= Béla Apáti Abkarovics =

Hungarian painter and graphic artist

Béla Apáti Abkarovics (born 1888, Érmihályfalva, Austro-Hungarian Empire - died 1957, Szentendre, Hungary) was a Hungarian painter and graphic artist.

He used his original family name in both Abkarovics and Abkarovits versions, the stage name Apáti-Abkarovics later became his final family name (he was also often mentioned in the press as Apáthy-Abkarovics).

== Biography ==
He began his art studies at the Academy of Fine Arts in Budapest as a student of Károly Ferenczy. From 1911, it can be found in the Nagybánya colony. Here he worked under the proofreading of István Réti and János Thorma.

During World War I, he served in the military for a short time (in Eger, 1916), and after his demobilization, he went on a longer study trip to Austria, the Netherlands and Germany (between 1917 and 1919).

He worked regularly in Nagybánya until 1927, and then worked in Munkács for several years. He settled permanently in Szentendre in the 1930s. He was a member of the Transcarpathian Artists Association, later became a member of KÚT, and in 1945 was elected a member of the Szentendre artist colony.

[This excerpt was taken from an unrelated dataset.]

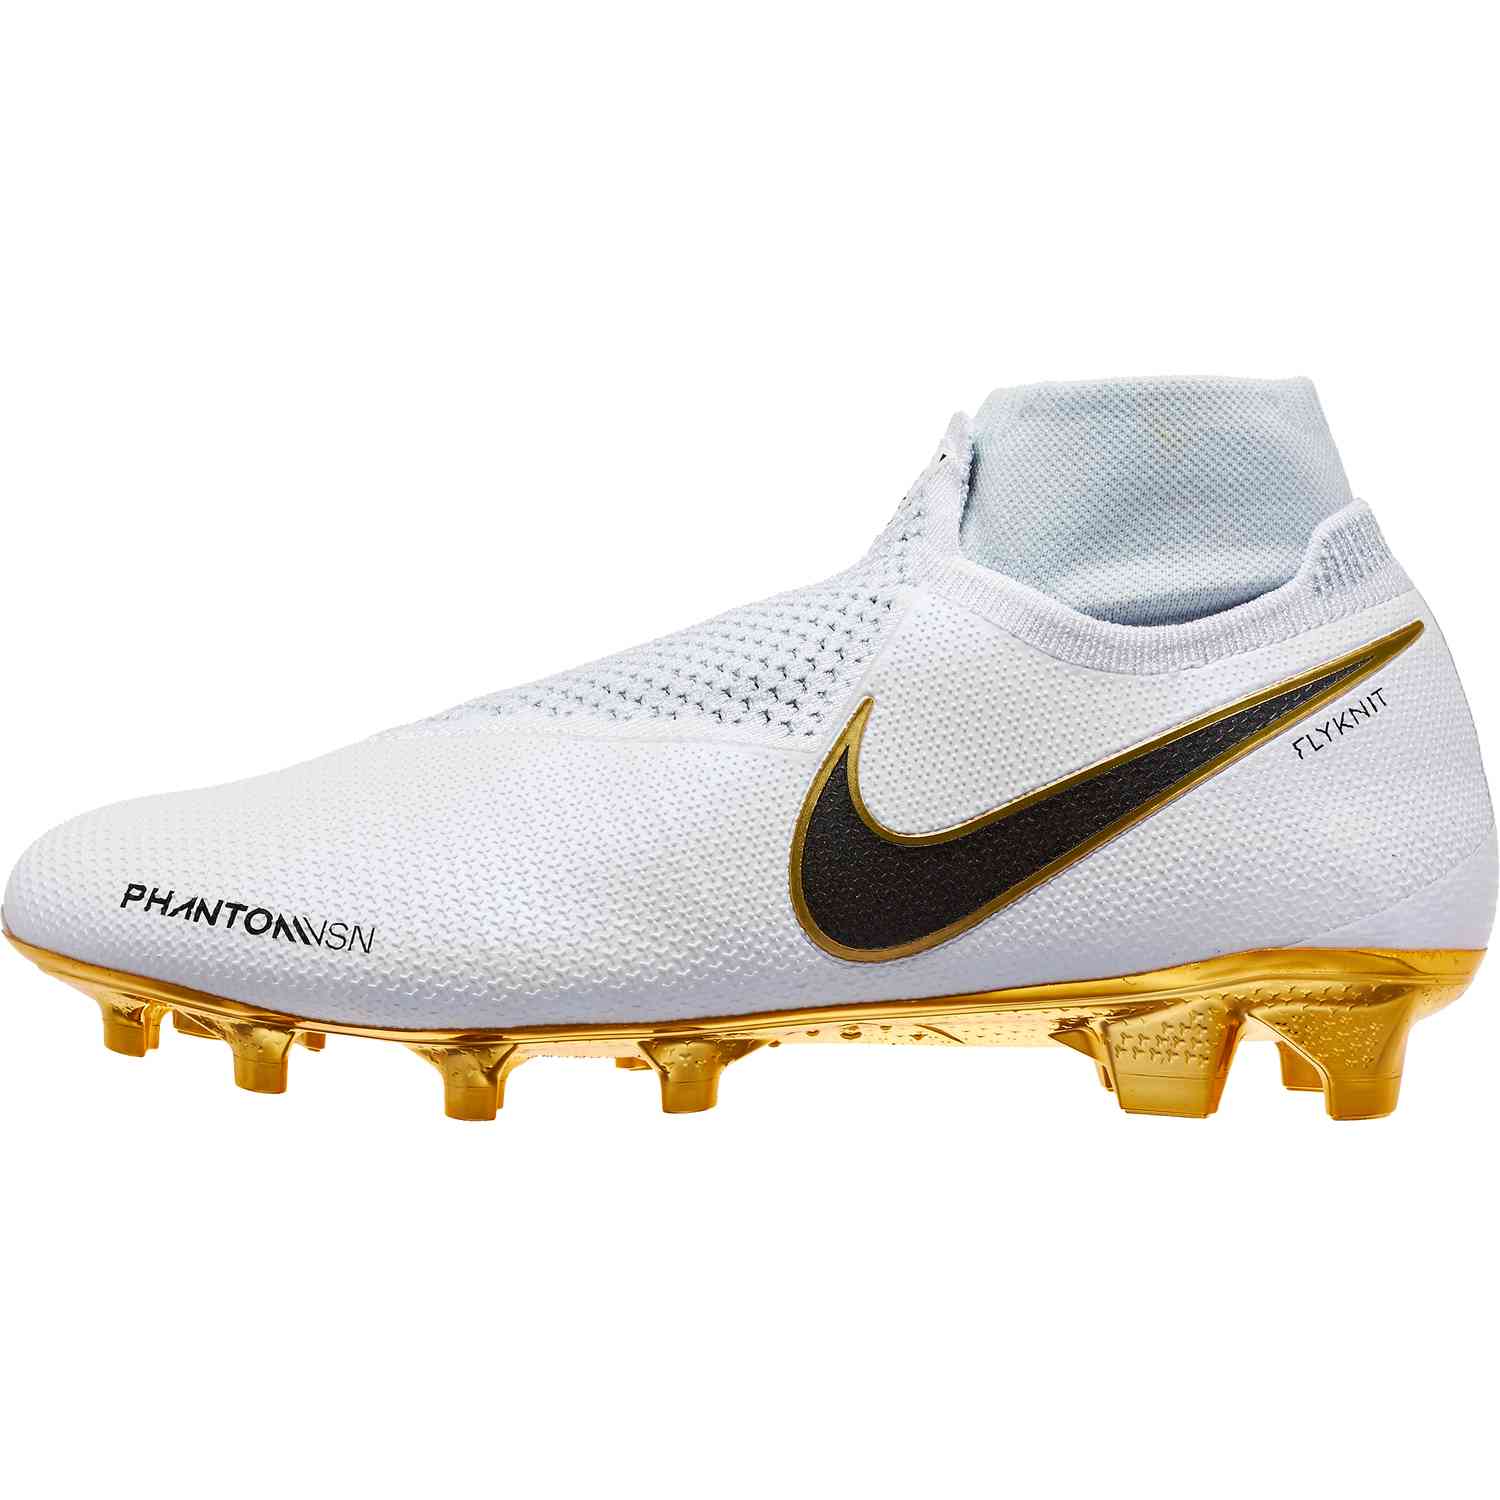 white nike cleats soccer

In 1924, he was featured in the Nagybánya Jubilee Exhibition, and in 1925 and 1927 he participated in the Group Exhibition of Nagybánya Painters. As a member of the artist colony, he participated in group exhibitions of Szentendre artists from 1945. In 1955, he organized a collection exhibition of Szentendre's works. After his death, in 1967, in the Ferenczy Museum in Szentendre, from the pictures of the memorial exhibition. His works can be found in the Hungarian National Gallery, the Munkacs and Nagyvárad museums.

== His style ==
The influence of Sándor Ziffer (1880–1962) can be felt in his paintings, in addition to landscapes and cityscapes (steep mountainsides, forests, high-roofed houses in Szentendre, etc.), he also painted figurative compositions (towboats, forest workers). His art is based upon the Nagybánya traditions of the unity of man and nature. He is equally astute in the field of oil, watercolour and graphics. His contribution in the field of graphic arts involves sketches and linocuts, but the number of his monotypes is also considerable.